My dad involved me in everything he did. He was a born teacher – a leader.
My dad taught me woodworking. He taught me how to lay brick. He taught me how to paint. He taught me photography. He taught me how to identify plants with a botanical key. He taught me the importance of an education. He taught me how to do real research and not just to fall for uneducated, irresponsible hunches and claims. He taught me to have pride in my work, and he taught me how to treat people, including my mother. I never saw my dad angry. When I list the real heroes of my life, standing at the front of that line with a smile is Omer Edison Sperry.

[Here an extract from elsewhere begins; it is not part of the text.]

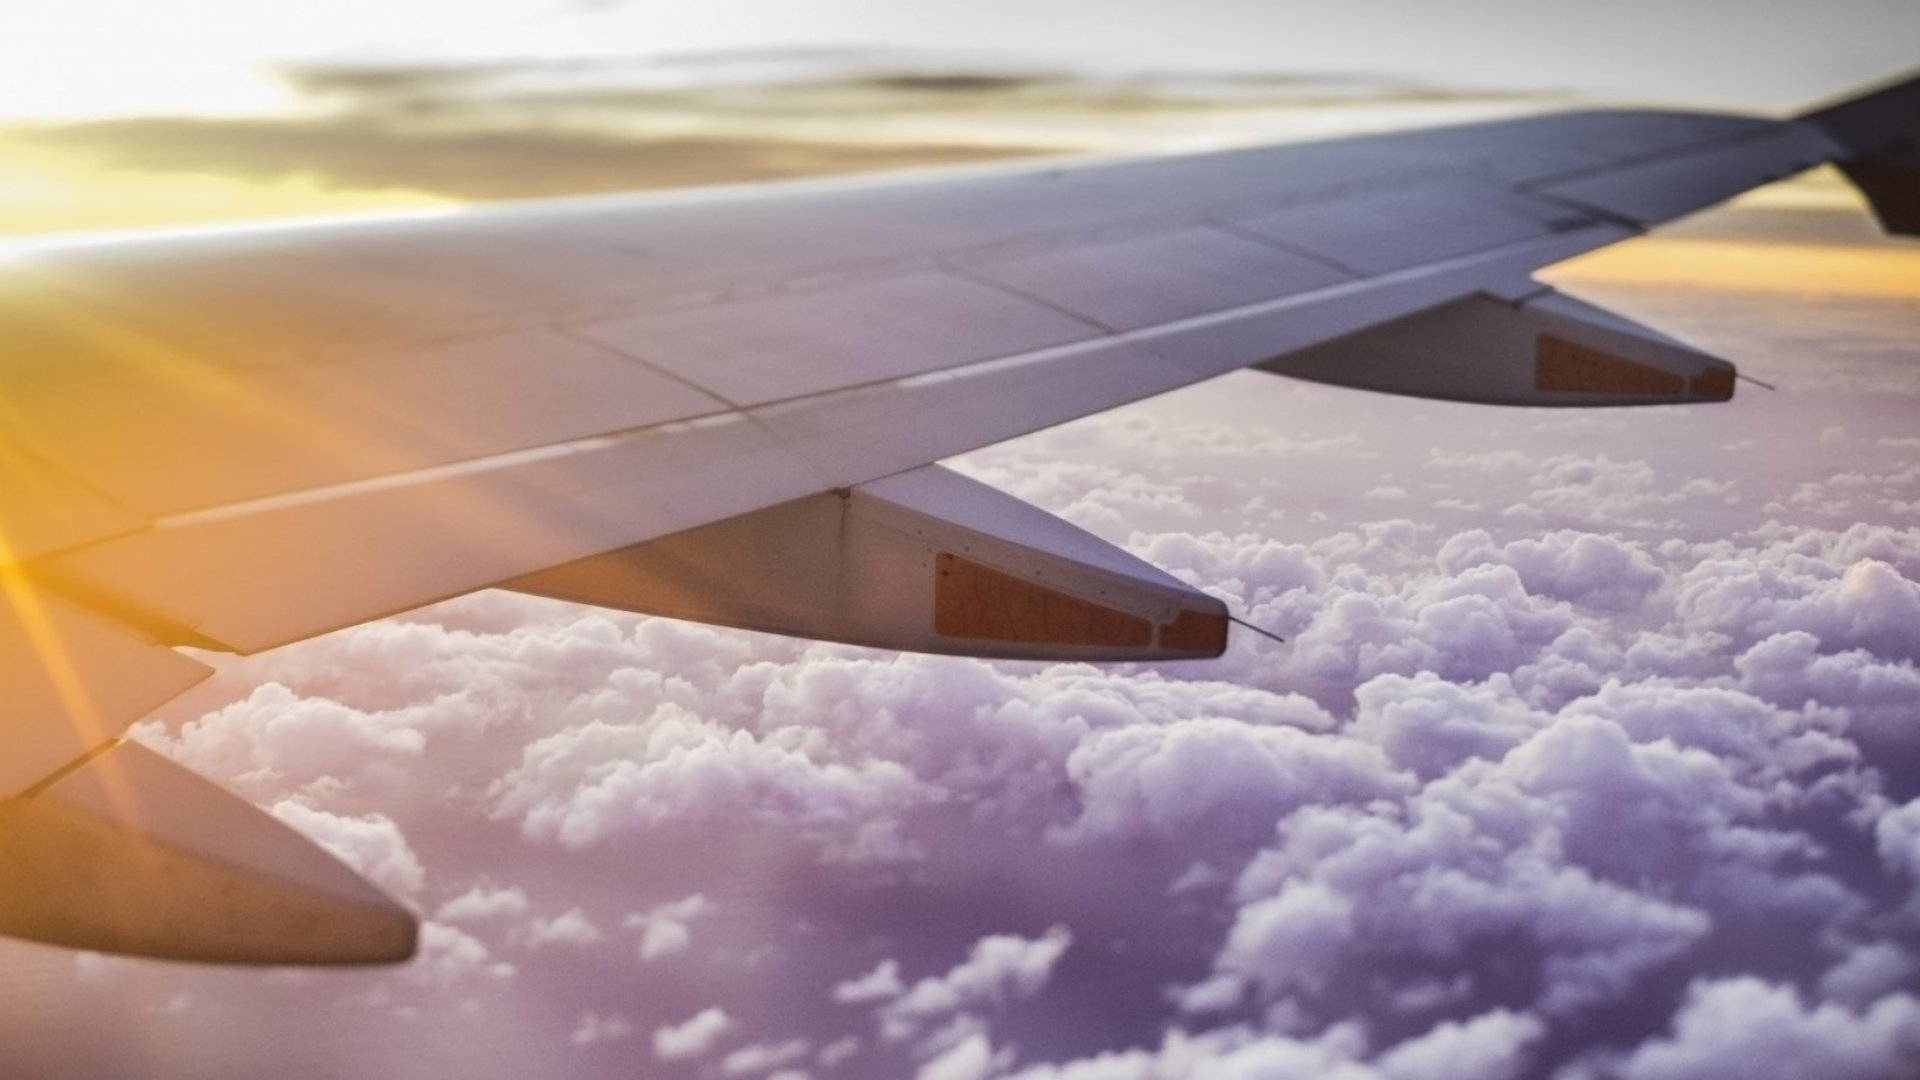 5 Fresh Ways to Beat Jet Lag, According to Science
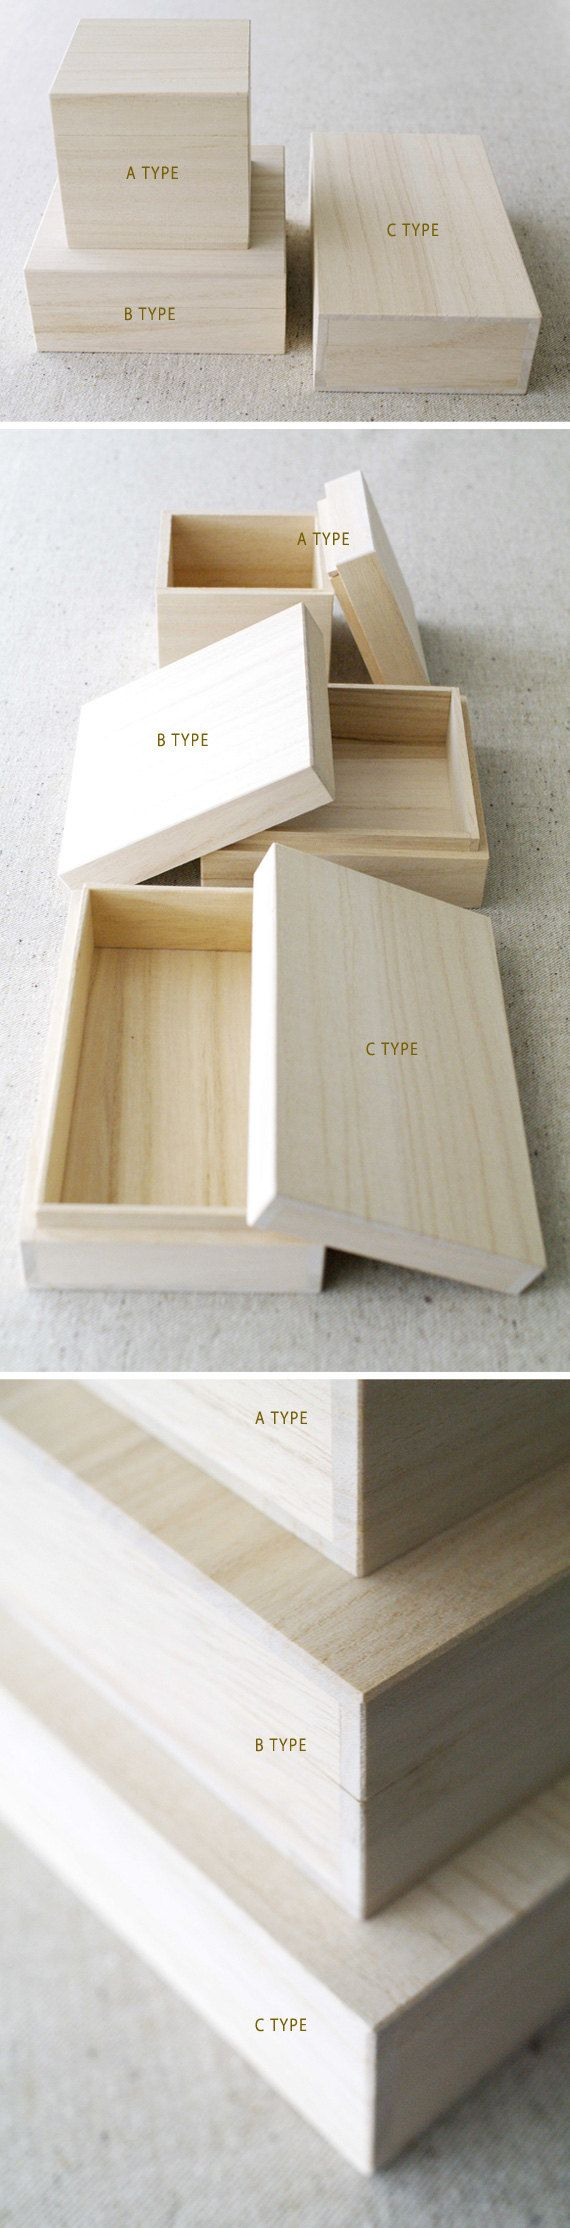 Wooden gift box JAPANESE STYLE B TYPE by karaku on Etsy

My dad was alongside me for my first garden. He bought the seeds and he bought the peat moss. He rototilled the ground, and he hoed the weeds. But when I started harvesting the beans, my dad stood off to the side. Those were my beans I took in to my mom. My dad just stood there and smiled. I lost my dad 49 years, one month and 29 days ago, and I still miss him as if it were yesterday.
And I loved my mom deeply as well. She was ever my encourager. She reminded me of how many people I would be able to help – how many people would be counting on me. She was involved with my schools, my scouts, and all my hobbies to boot. She baked the best cinnamon rolls and my favorite chocolate chip cookies.
But maybe the best thing Mom ever did for me (I say with a wink and a smile) was when she didn’t come from Texas to a Mother’s Day luncheon at my Alpha Zeta Fraternity at Ohio State in 1965. I found an empty seat at one of the tables. It happened to be beside the sister of one of our pledges. I’ve been married to that pledge’s sister for the past 57 years!
Thank you for letting me express my heartfelt gratitude for all who have joined arms around me so far to make my first 80 years such a blessing. I couldn’t have made it without you.
And that goes especially to Omer and Lois. Wouldn’t it be nice to be able to call them tonight, to hear their voices and surprise them again like the call they got 80 years ago tomorrow.